EON Reality
- Industry: Virtual reality, augmented reality
- Founded: 1999; 27 years ago
- Headquarters: Irvine, California
- Area served: Worldwide
- Products: EON-XR; EON Spatial Meetings; EON Merged XR; EON Knowledge Metaverse;
- Website: www.eonreality.com

= EON Reality =

American software company

EON Reality is a multinational virtual reality and augmented reality software developer headquartered in Irvine, California. The company was founded by Dan Lejerskar, Mikael Jacobsson and Mats W. Johansson in 1999. Its clients include Boeing, Microsoft, Lexus and Cornell University.

The company has subsidiaries in Gothenburg (Sweden), Singapore, Italy (Bologna), China and Dominican Republic.

==History==
In 1999, Dan Lejerskar, Mikael Jacobsson and Mats W. Johansson founded EON Reality.

The firm supplied its products for training and development at a technology center in Brazil owned by Senai, a Brazilian industrial apprenticeship service, in September 2010. In March 2013, the firm opened an interactive research and development center in Manchester, England. The company opened its Entrepreneur Coding School to teach coding, 3D modeling, design and development.

In December 2016, EON Reality launched Eon Reality Norway AS and opened locations in Hamar and Elverum in the country.

On 2 July 2020, EON Reality announced that it had entered a strategic relationship with Dell to promote AR and VR products.

===Education===
In November 2014, the company partnered with Duncanville, Texas to establish a virtual reality school. In September 2016, it announced a partnership with Eastern Iowa Community Colleges in which it built an educational training center in Davenport, Iowa. The company's Innovation Academy began offering augmented reality design classes in January 2017. The firm reached a partnership with Lehman College in December 2016 to build an Interactive Digital Centre on one of Lehman's satellite campus in the Bronx.

In July 2017, Eastern Iowa Community Colleges was awarded a $748,218 grant to develop a water/wastewater, agriculture technology, and conservation curriculum in partnership with EON Reality.

===Industry===
EON Reality licensed Microsoft's Touchlight technology through Microsoft's IP Ventures Program in 2006. The company partnered with the Saudi Commission for Tourism and Antiquities to pioneer turnkey solutions for 3D, virtual reality and augmented reality for Bait Nassief, a UNESCO World Heritage site in April 2015. The following month, ExxonMobil awarded a global commercial license for Immersive 3D Operator Training Simulator technology to EON Reality. In March 2017, EON Reality partnered with the lighting company Tridonic to create an augmented reality interface for the company's IoT industrial lighting technology.

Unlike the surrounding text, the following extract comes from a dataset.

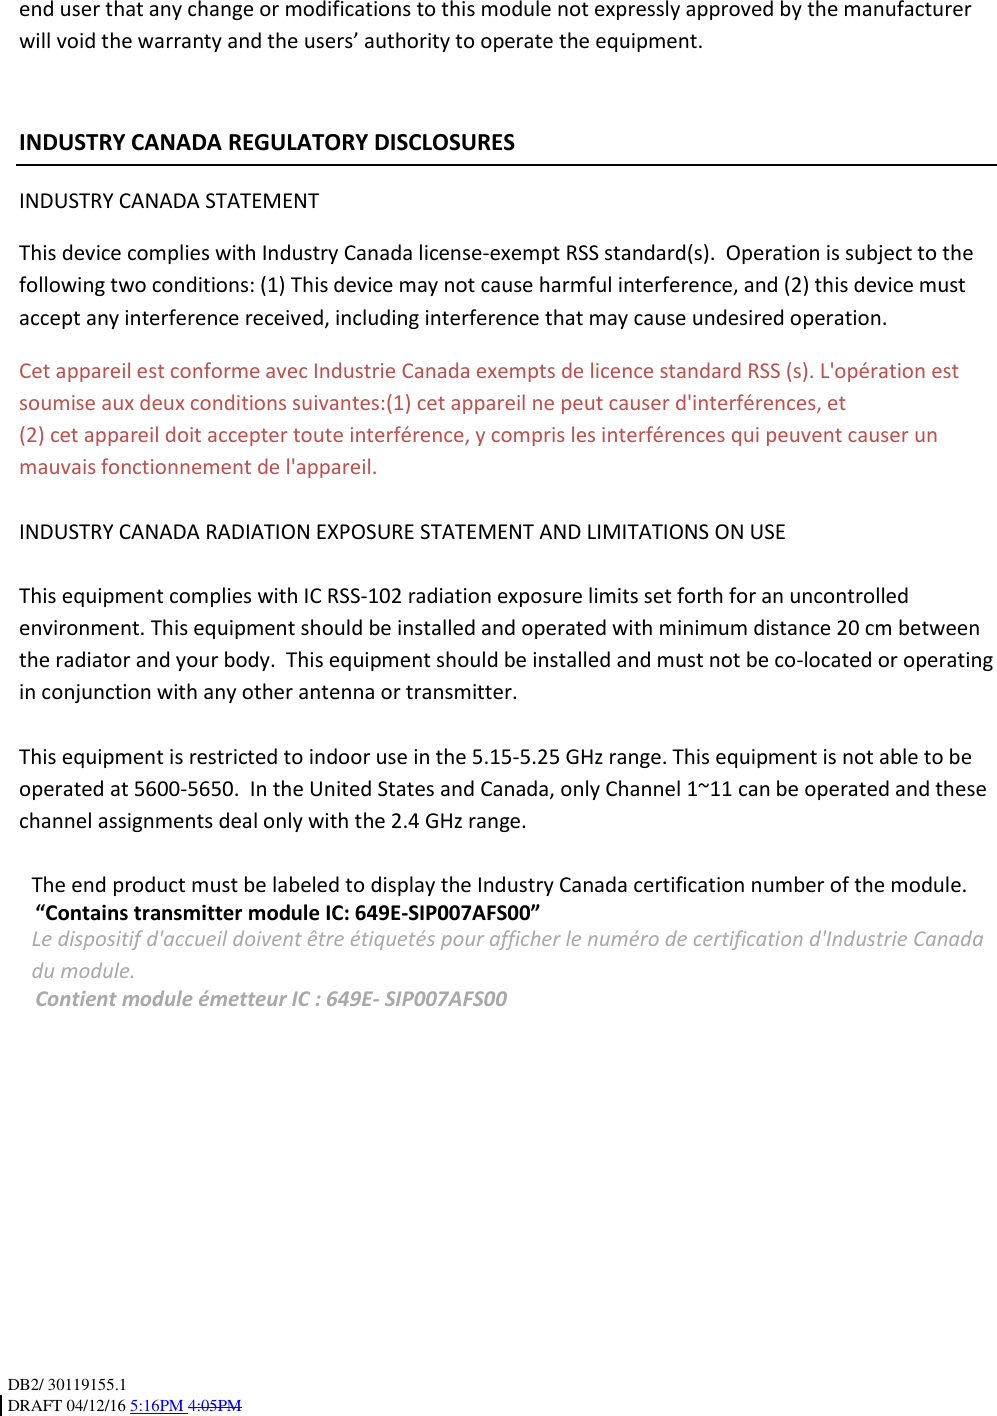 DB2/ 30119155.1 DRAFT 04/12/16 5:16PM 4:05PM   end user that any change or modifications to this module not expressly approved by the manufacturer will void the warranty and the users’ authority to operate the equipment.    INDUSTRY CANADA REGULATORY DISCLOSURES INDUSTRY CANADA STATEMENT This device complies with Industry Canada license-exempt RSS standard(s).  Operation is subject to the following two conditions: (1) This device may not cause harmful interference, and (2) this device must accept any interference received, including interference that may cause undesired operation. Cet appareil est conforme avec Industrie Canada exempts de licence standard RSS (s). L&apos;opération est soumise aux deux conditions suivantes:(1) cet appareil ne peut causer d&apos;interférences, et (2) cet appareil doit accepter toute interférence, y compris les interférences qui peuvent causer un mauvais fonctionnement de l&apos;appareil.  INDUSTRY CANADA RADIATION EXPOSURE STATEMENT AND LIMITATIONS ON USE  This equipment complies with IC RSS-102 radiation exposure limits set forth for an uncontrolled environment. This equipment should be installed and operated with minimum distance 20 cm between the radiator and your body.  This equipment should be installed and must not be co-located or operating in conjunction with any other antenna or transmitter.  This equipment is restricted to indoor use in the 5.15-5.25 GHz range. This equipment is not able to be operated at 5600-5650.  In the United States and Canada, only Channel 1~11 can be operated and these channel assignments deal only with the 2.4 GHz range.   The end product must be labeled to display the Industry Canada certification number of the module. “Contains transmitter module IC: 649E-SIP007AFS00” Le dispositif d&apos;accueil doivent être étiquetés pour afficher le numéro de certification d&apos;Industrie Canada du module. Contient module émetteur IC : 649E- SIP007AFS00

That same month, the company's software was used by Epson for a partnership with SO Sofitel Singapore that created an Augmented Reality experience within the hotel.

===Sports===
EON Sports, an athletic Virtual Reality training software company, was founded as a subdivision of EON Reality in 2013. EON Sports launched a virtual reality training program for football players in February 2014. UCLA, Ole Miss, Syracuse University, the University of Kansas and 100 high schools are using the software. The Tampa Bay Buccaneers announced that they were using EON Reality's Sidekiq football simulator software for their training camp in July 2015. The New England Patriots, San Francisco 49ers and Dallas Cowboys also invested in the technology.

In November 2015, it was announced that EON Sports partnered with Jason Giambi and created Project OPS, a baseball training solution. The Tampa Bay Rays announced that they will use the EON Sports technology for training. The company's VR tools have also been used as a recruitment tool by college football teams.

In August 2016, it was announced that EON Sports VR would collaborate with the University of Miami to create a virtual reality channel for fans of the university's athletic teams. TAlso in 2016, reached a similar agreement with Pennsylvania State University l. In March 2017, it partnered with the creative agency Twelfthman, Raycom Sports and the ACC men's basketball tournament to present the tournament and related content in virtual reality. That month, it also partnered with Nippon Professional Baseball's Yokohama DeNA BayStars.

==Operations==
In 2020, EON Reality and its IDCs have 150 employees worldwide. The company develops Virtual Reality (VR) and Augmented Reality (AR) products aimed to improve knowledge transfer. The firm sells its software to corporations, universities, governments and the entertainment industry.

In 2016, it released a free Augmented and Virtual Reality (XR) learning app for Android and iOS called, EON Creator AVR. The app also allows teachers and other users to create learning experiences from the company's library. To date, the library has more than 830,000 assets and lessons. The company released the EON AR Knowledge Injection in April 2017, the update to its AVR platform relies on artificial intelligence, the Internet of Things (IoT), and geolocation to create augmented reality annotations tied to objects in the real world.